Under the terms of the agreement, Catalina stockholders will receive $32.10 in cash for each outstanding share of stock. This represents a premium of approximately 32% over the closing share price on December 7, 2006, the last trading day before disclosure of the initial unsolicited expression of interest from a third party private equity firm with respect to the acquisition of the company. Also, under the terms of the merger agreement, Catalina may solicit or entertain alternative proposals from third parties during the next 45 days. There can be no assurance that the company will seek or receive other proposals or, if it does, that the solicitation or receipt of proposals will result in an alternative transaction. Catalina does not intend to disclose developments with respect to this solicitation process unless and until its board of directors has made a decision to enter into an alternative transaction.

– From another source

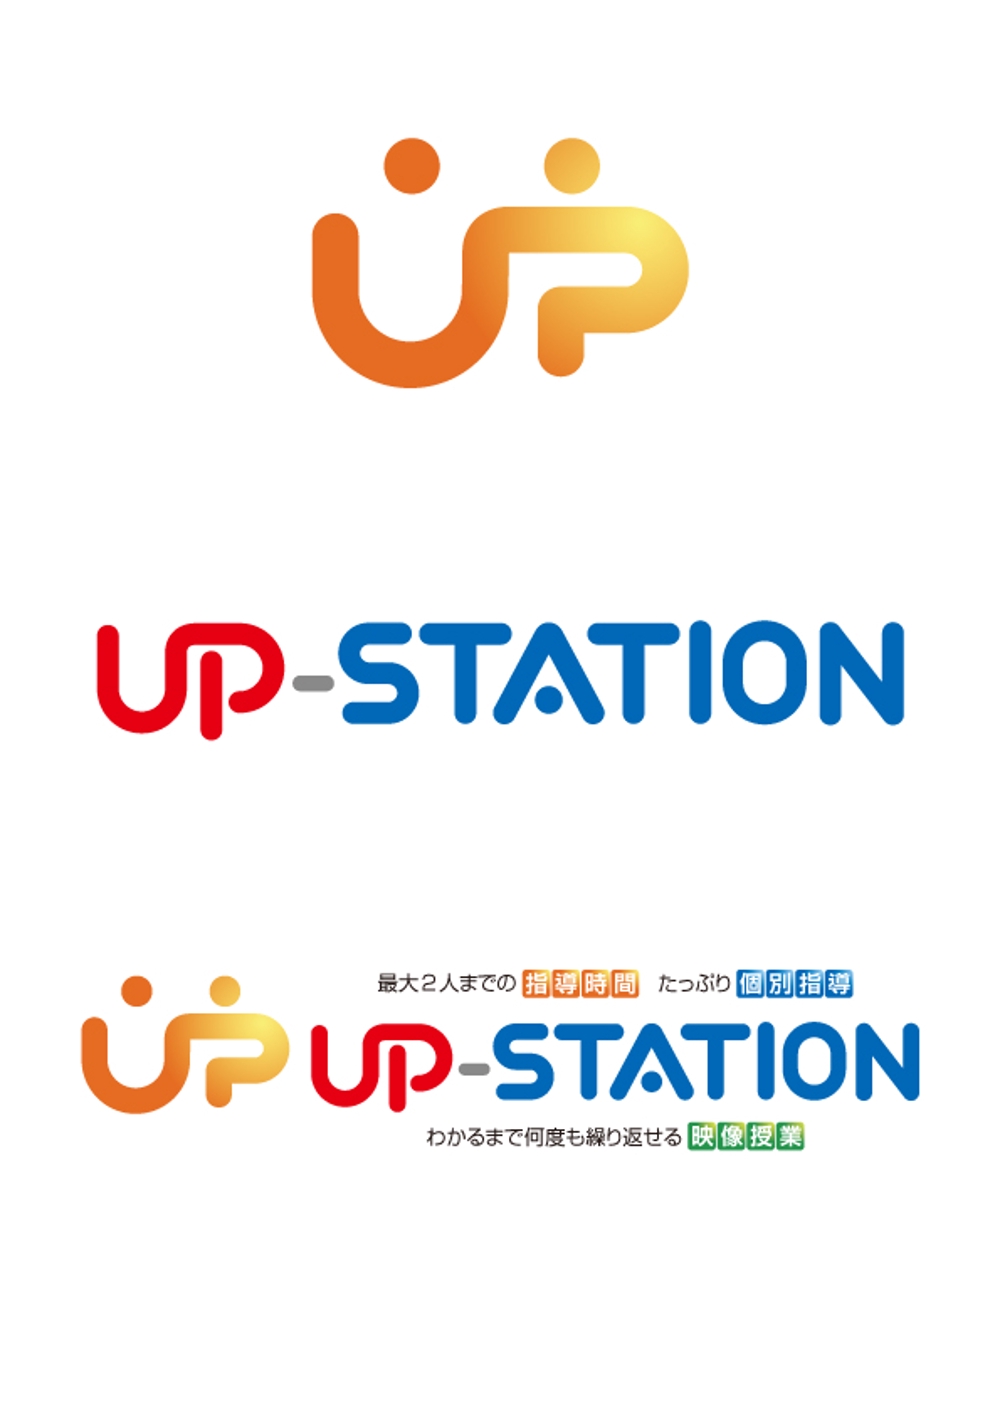 upstation.jpg

The company previously disclosed that it had engaged Goldman, Sachs & Co. as its financial advisor. The special committee has also retained Lazard, to assist it in connection with its deliberations. Based on its consultations with these firms, and following discussions with various other potentially interested parties and other activities, the special committee and the entire board of directors of the company have approved the agreement and the board of directors has recommended that the company's stockholders vote in favor of the agreement.

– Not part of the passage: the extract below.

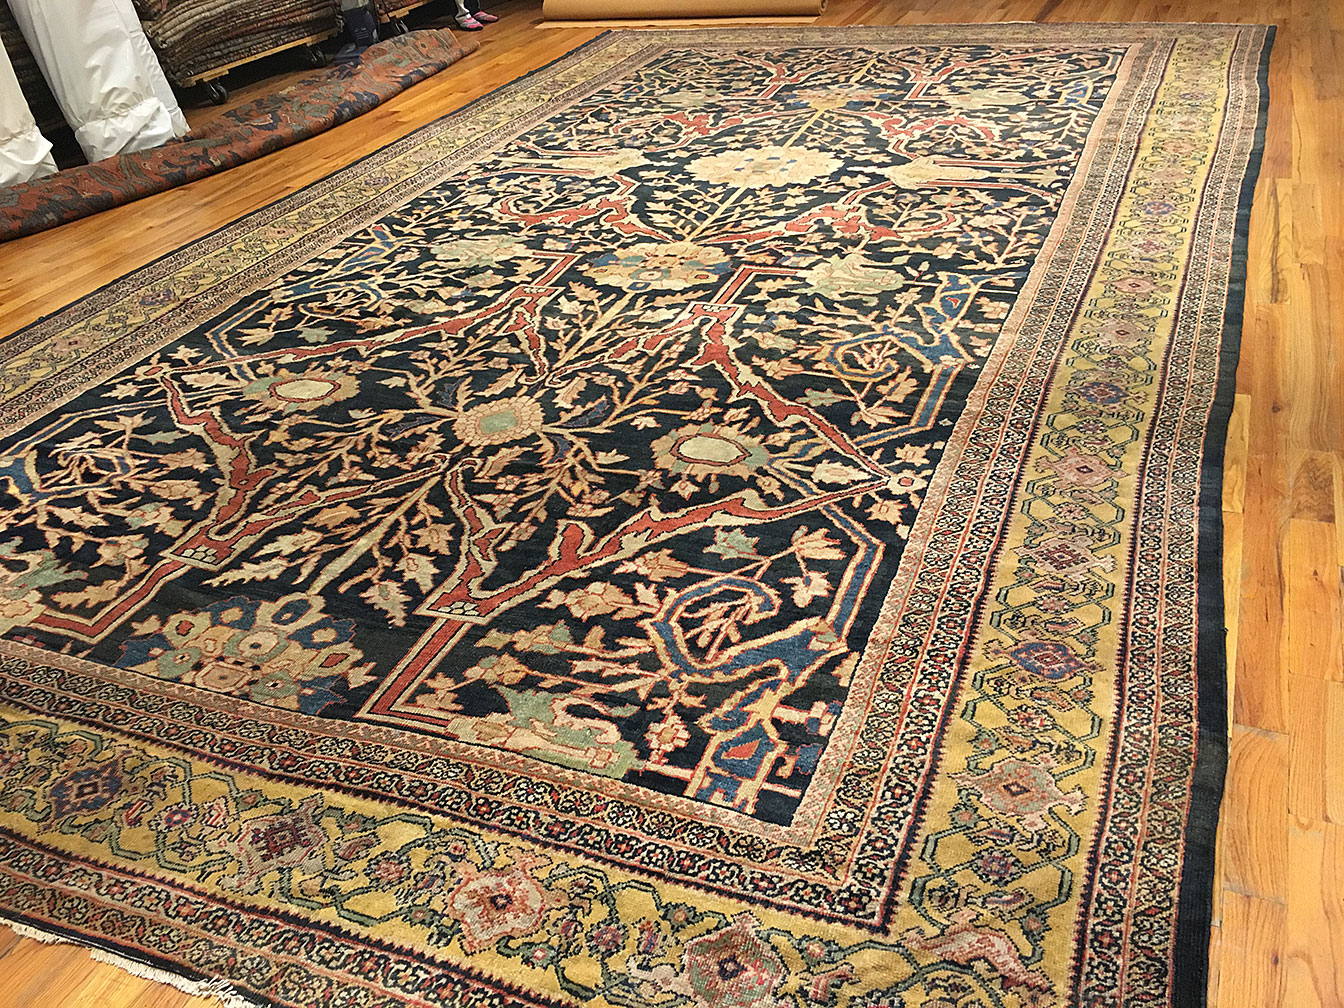 Antique sultan abad Carpet - # 52110

The transaction is expected to close in the next several months and is subject to approval by the company's stockholders, other than ValueAct Capital, regulatory approvals and other customary closing conditions. ValueAct Capital has received customary debt financing commitments from third party financing sources. "With the assistance of our external advisors, after extensive negotiations and careful consideration of a range of alternatives, the special committee and the board of directors have concluded that the sale of the company to ValueAct Capital is the best alternative for maximizing value for existing shareholders," said Frederick W. Beinecke, chairman of the special committee and of the board of directors. "ValueAct Capital is a leading investment company with a strong reputation and a proven track record."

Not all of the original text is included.